Why we need affine independent to ensure the unique representation of a vector from convex hull

Question

There is a theorem that says: if $M=\{v_1,v_2,...,v_m\}$ are a set of vectors such that they are affine independent (i.e., $\{v_2-v_1,v_3-v_1,...,v_m-v_1\}$ are linearly independent), then for any vector $v$ that is in the convex hull of $M$, it can be written as a unique convex combination of the vectors in $M$.

My first question is: here the unique representation means $v=\sum_{j=1}^m K_jv_j$, where $\sum_{j=1}^mK_j=1$ and $K_j\geq 0,~\forall~1\leq j\leq m$. In particular, some of those $K_j$'s could be zero right?
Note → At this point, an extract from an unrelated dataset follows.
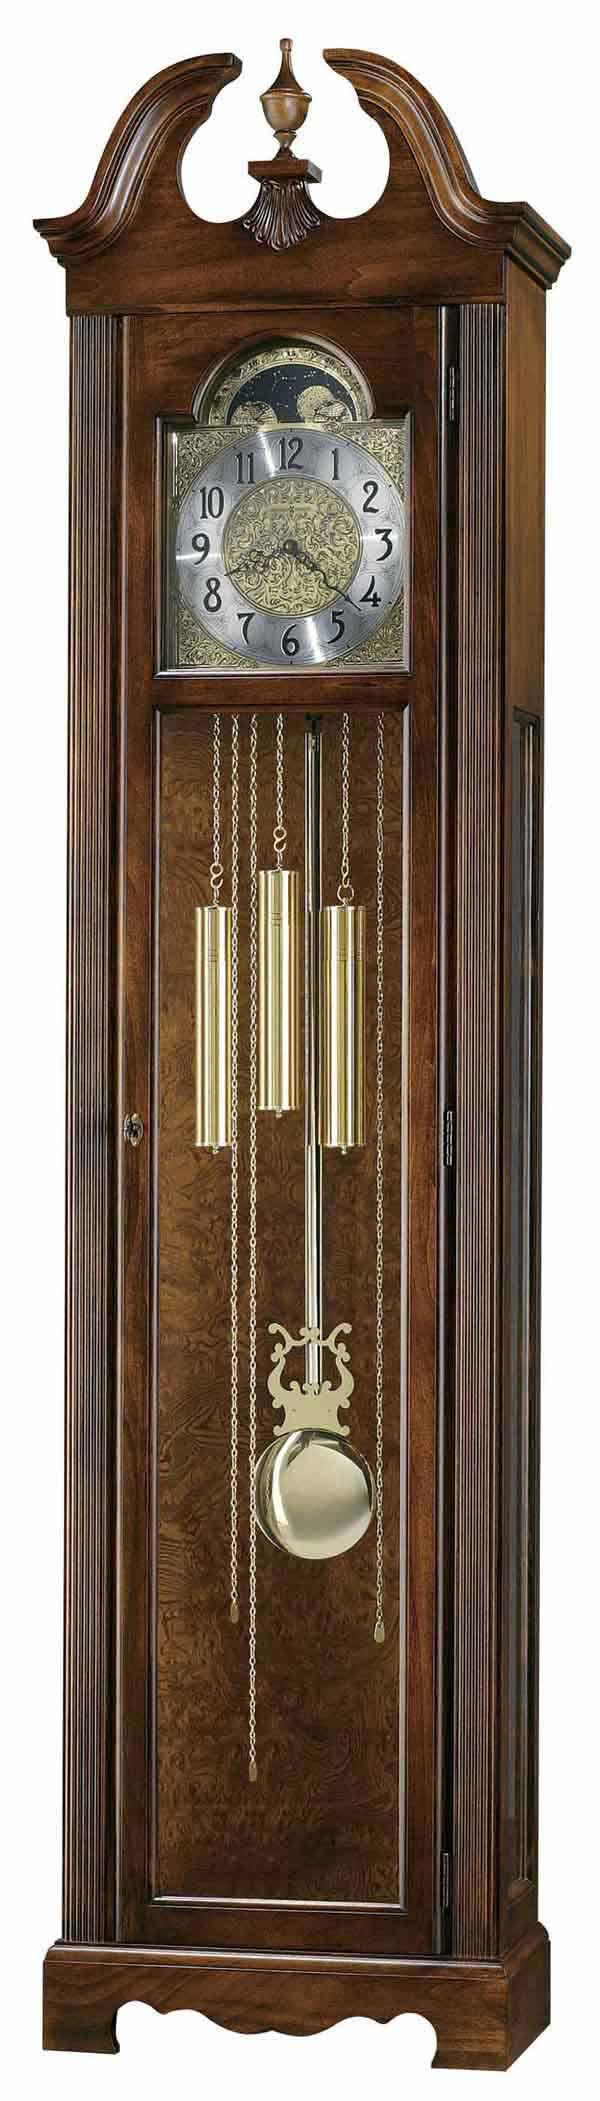 howard miller grandfather clock serial number lookup

My second question is: I couldn't feel the significance and importance of this theorem. Isn't that obvious? I mean, if we have a set of vectors, then we construct the convex hull of this set of vectors, which is taking all possible convex combinations of this set of vectors, then if you pick an arbitrary vector from this generated convex hull, it is for sure should be able to written as a unique representation of those vectors in the set that generates this convex hull. I guess my question is: what's the role played by this condition "$M$ is a set of affine independent vectors"? What if my set $M$ is not a set of affine independent vectors, then after I generate the convex hull (I can still do that by taking all possible convex combinations of the vectors in $M$), then if I pick an arbitrary vector from this convex hull, then why I cannot uniquely express this vector as a convex combination as those vectors in set $M$?

user id:27978 129k · Accepted Answer

1

Use the analogy to linear spaces:

If $b_1,...,b_n$ are linearly independent then $x \in \operatorname{sp} \{ b_k \}$ iff there are unique $\lambda_k$ such that $x =\sum_k \lambda_k b_k$.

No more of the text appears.